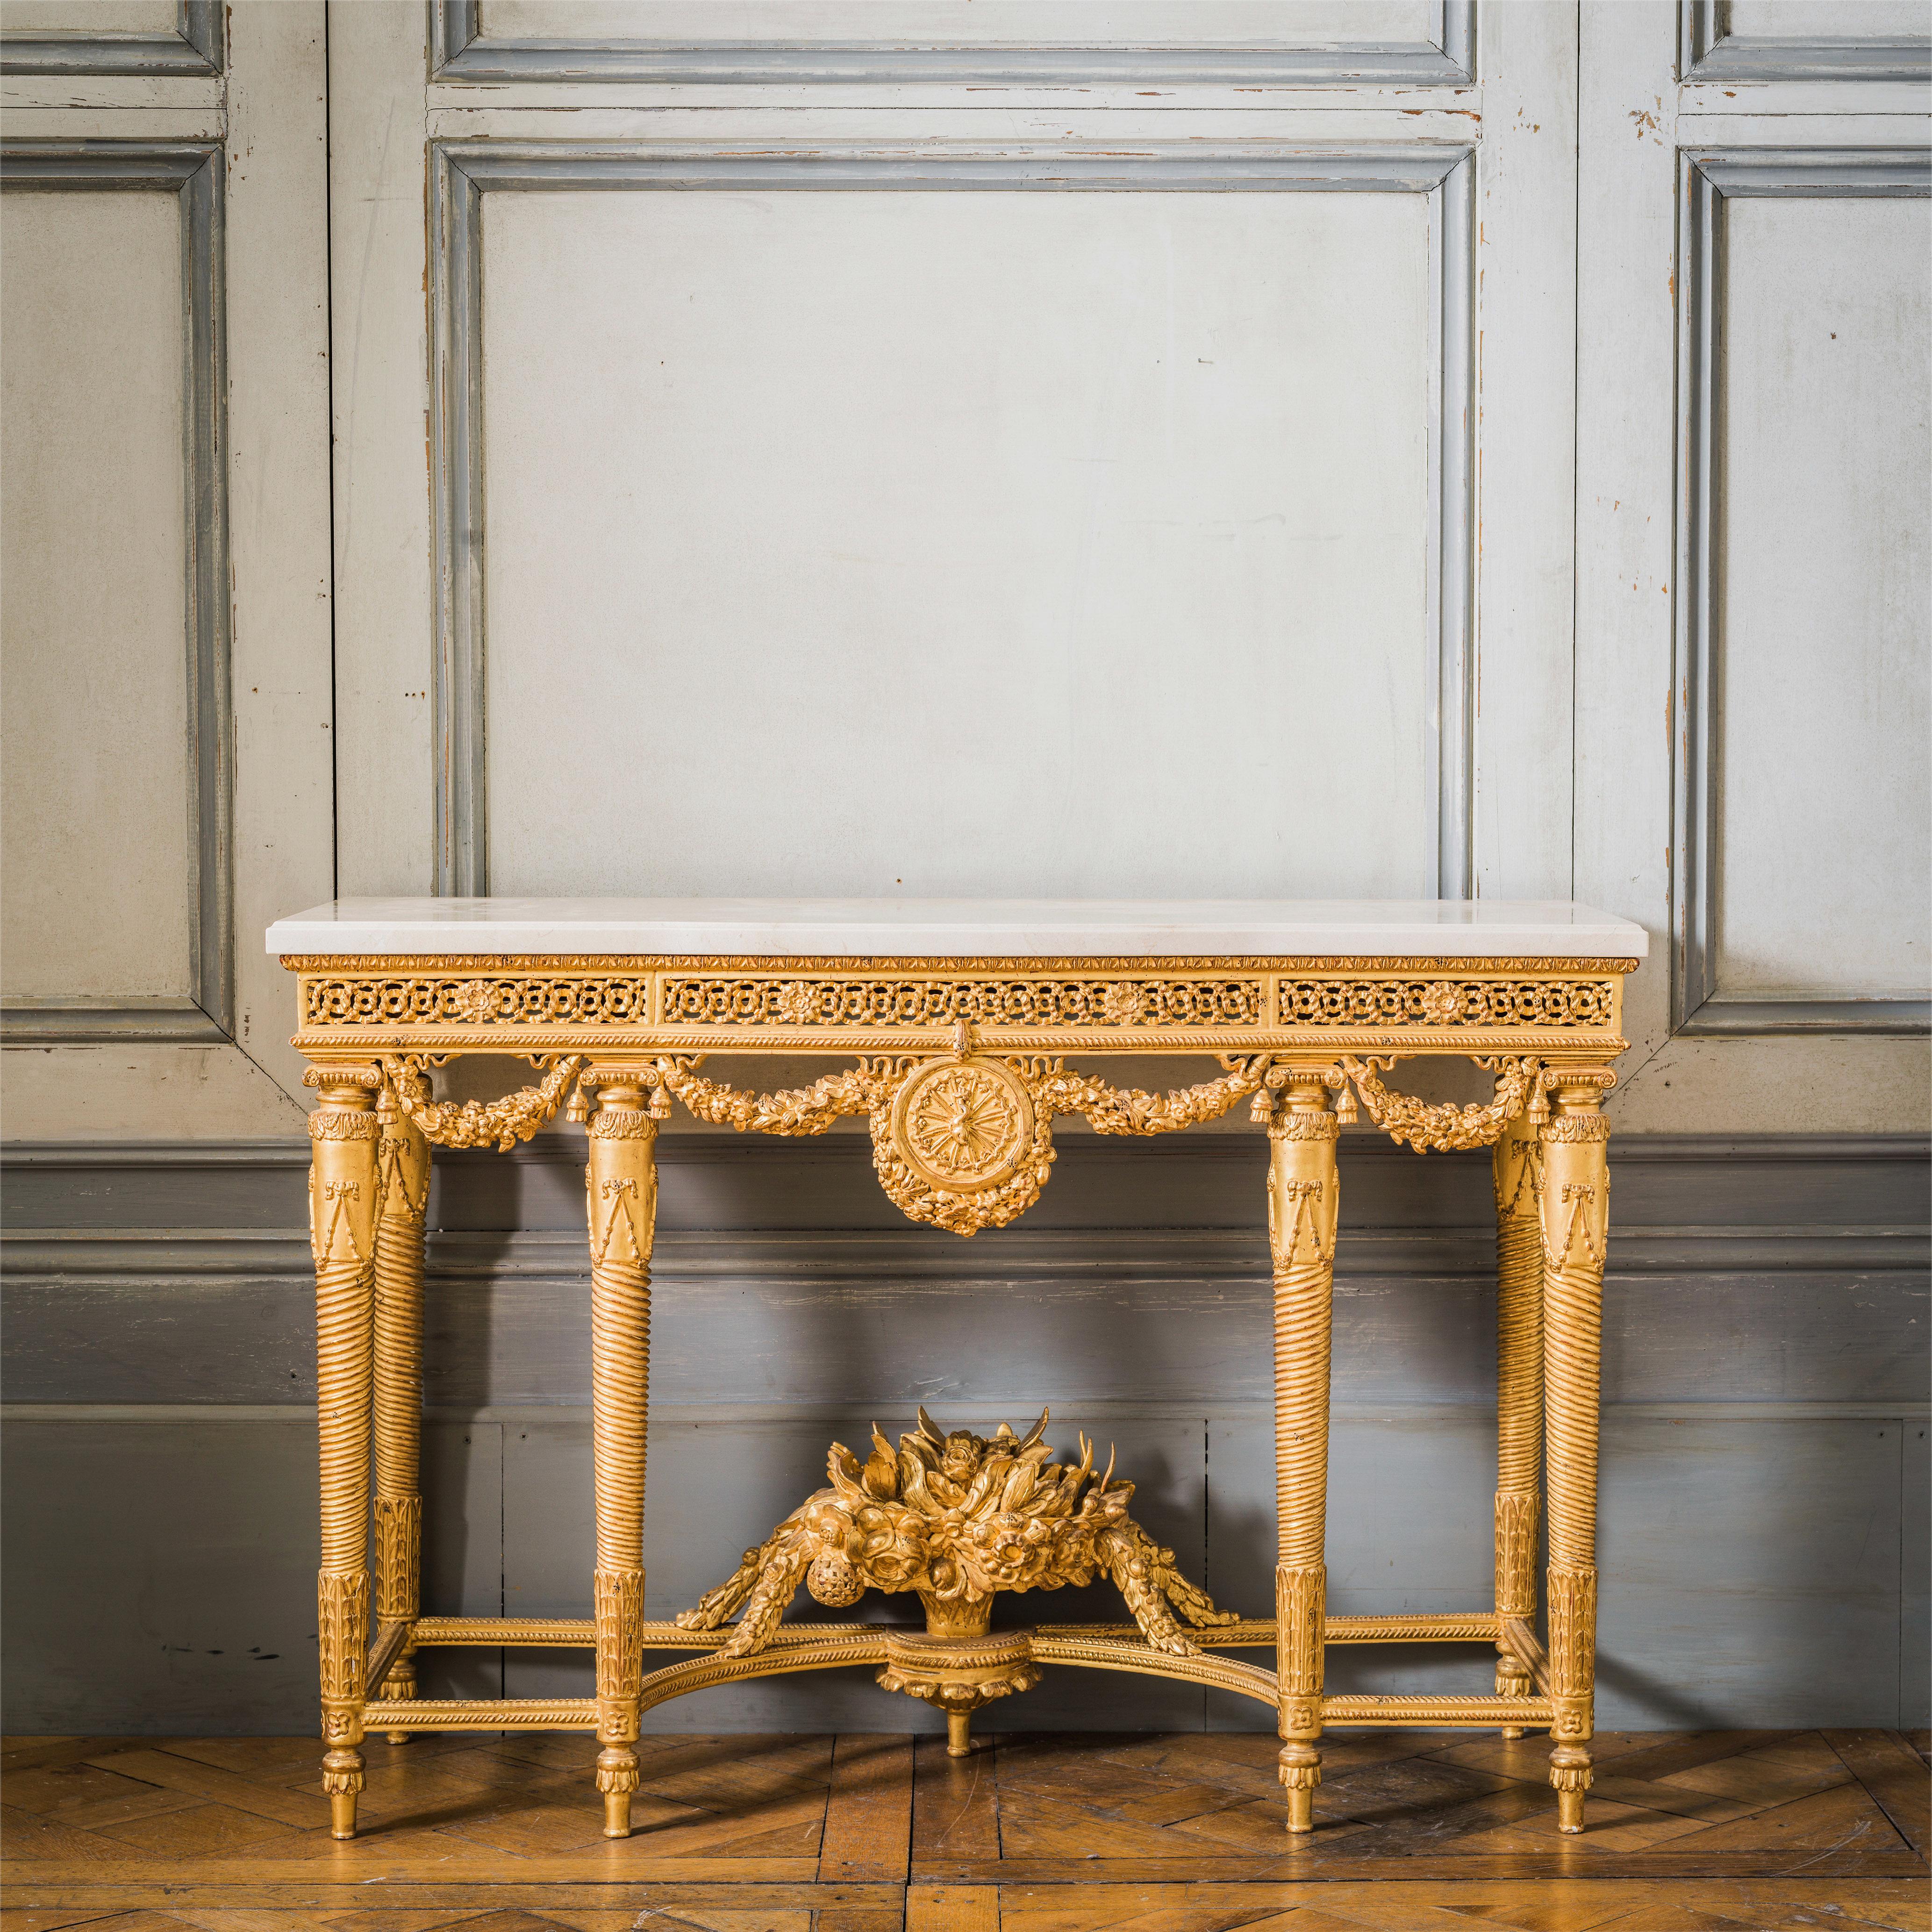 Konsolen aus vergoldetem Holz im Stil Louis XVI: Von Meisterhand gefertigt, elegant geschnitzt und von Hand mit einer wasservergoldeten Patina aus 23,75-karätigem Blattgold überzogen. Mit 30 mm Crema Marfil abgeschrägten Marmorplatten.
Wir haben 2
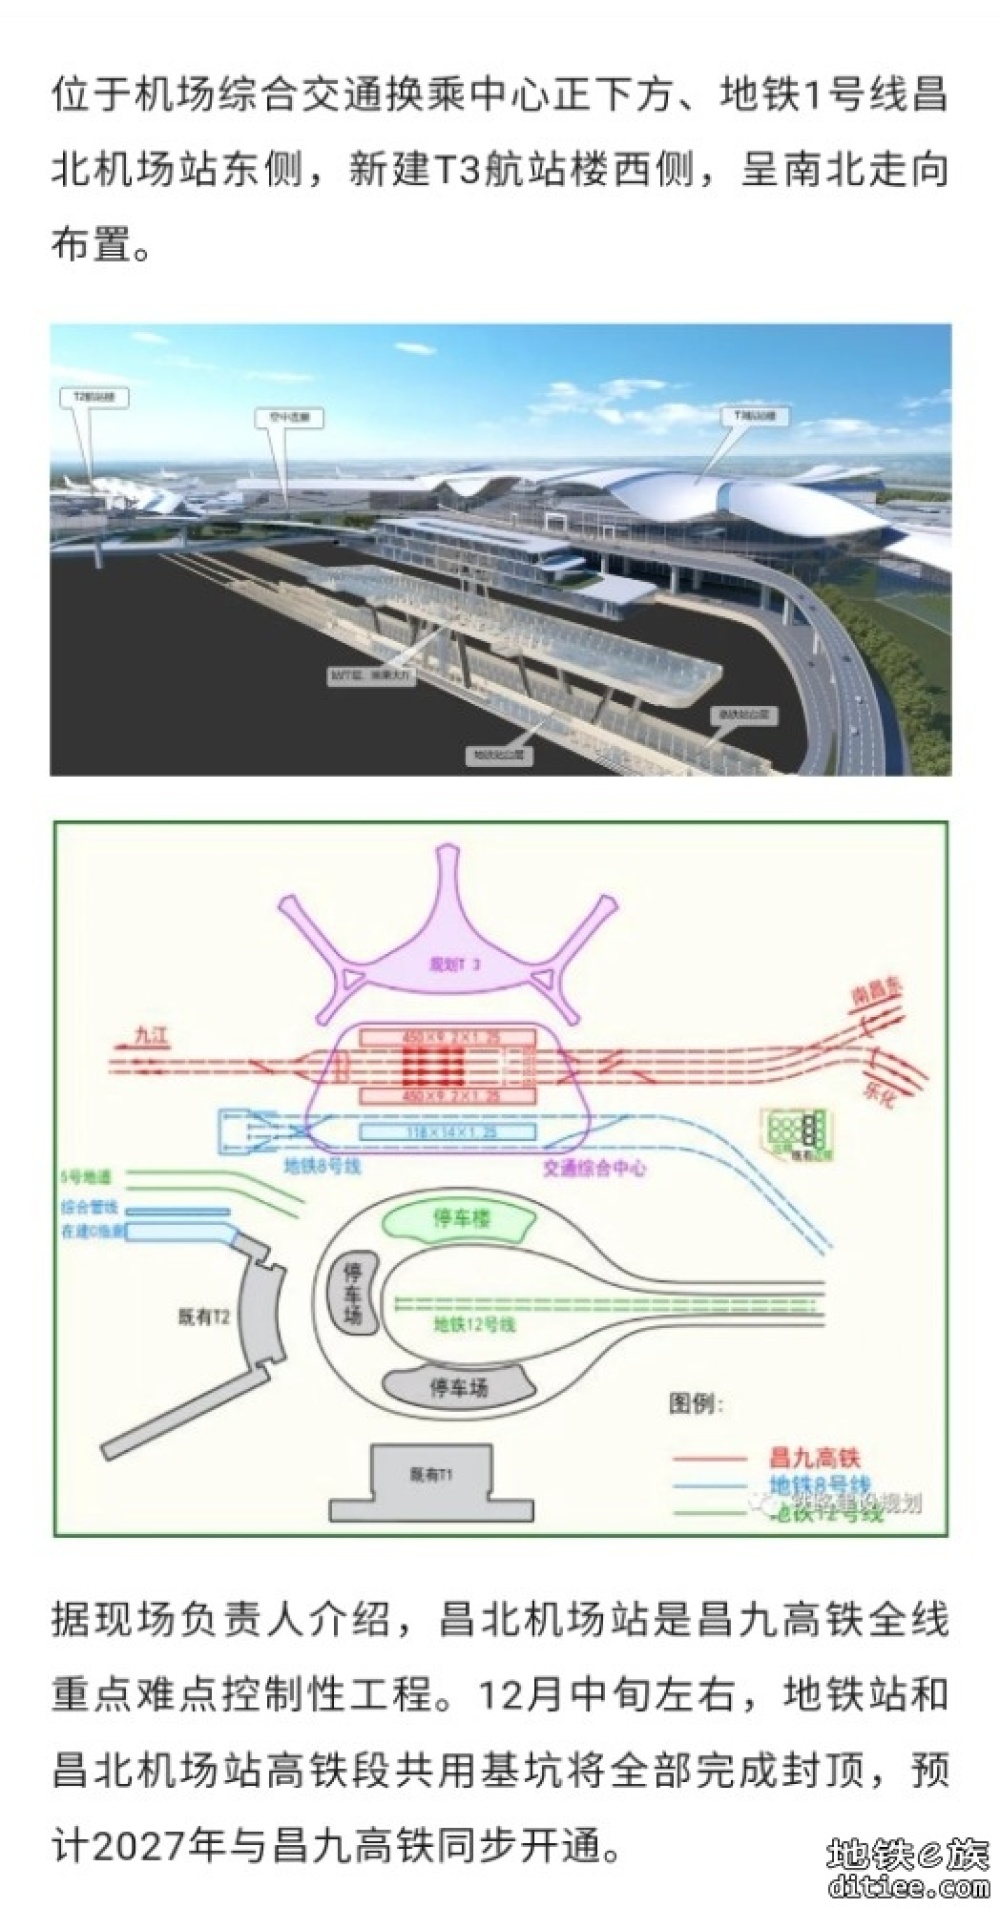 昌九高铁昌北机场站进入主体结构施工
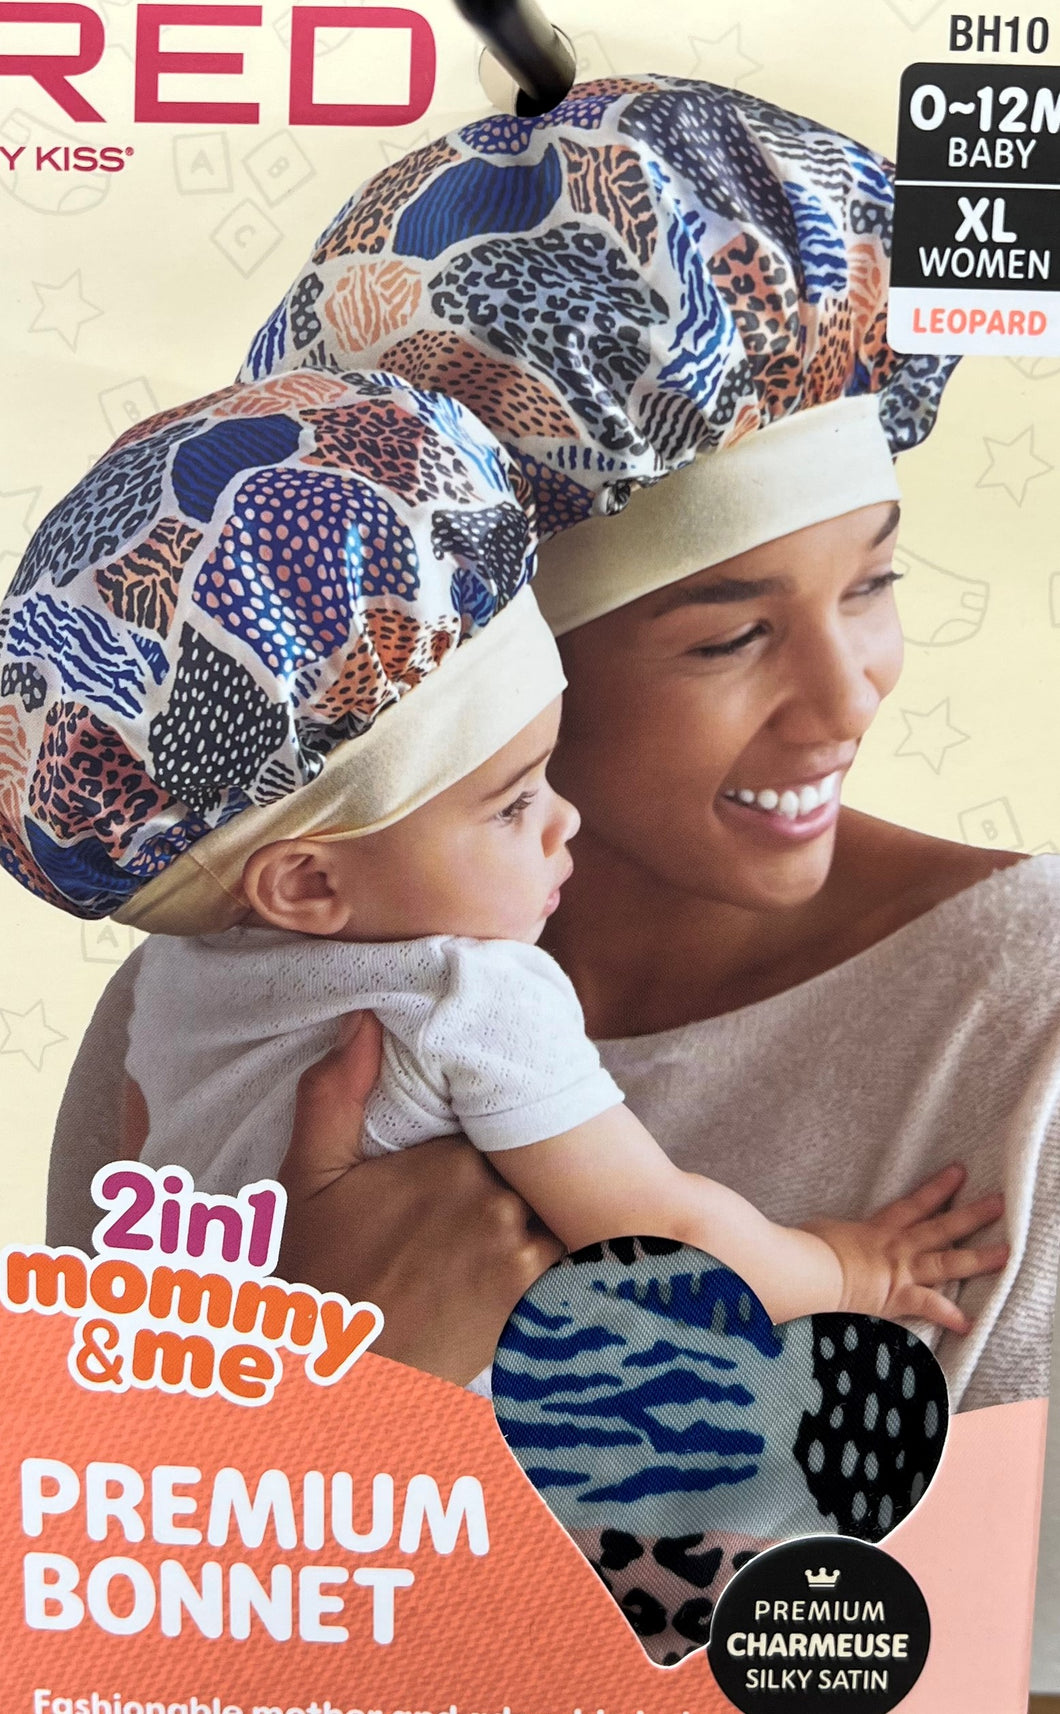 2in1 Mommy & Me Bonnet
• • • • • • •
Work to complete:
Here the job is to print the data above exactly, except for any pictures.

Solution:
 Konsolen aus vergoldetem Holz im Stil Louis XVI: Von Meisterhand gefertigt, elegant geschnitzt und von Hand mit einer wasservergoldeten Patina aus 23,75-karätigem Blattgold überzogen. Mit 30 mm Crema Marfil abgeschrägten Marmorplatten.
Wir haben 2
 昌九高铁昌北机场站进入主体结构施工
 2in1 Mommy & Me Bonnet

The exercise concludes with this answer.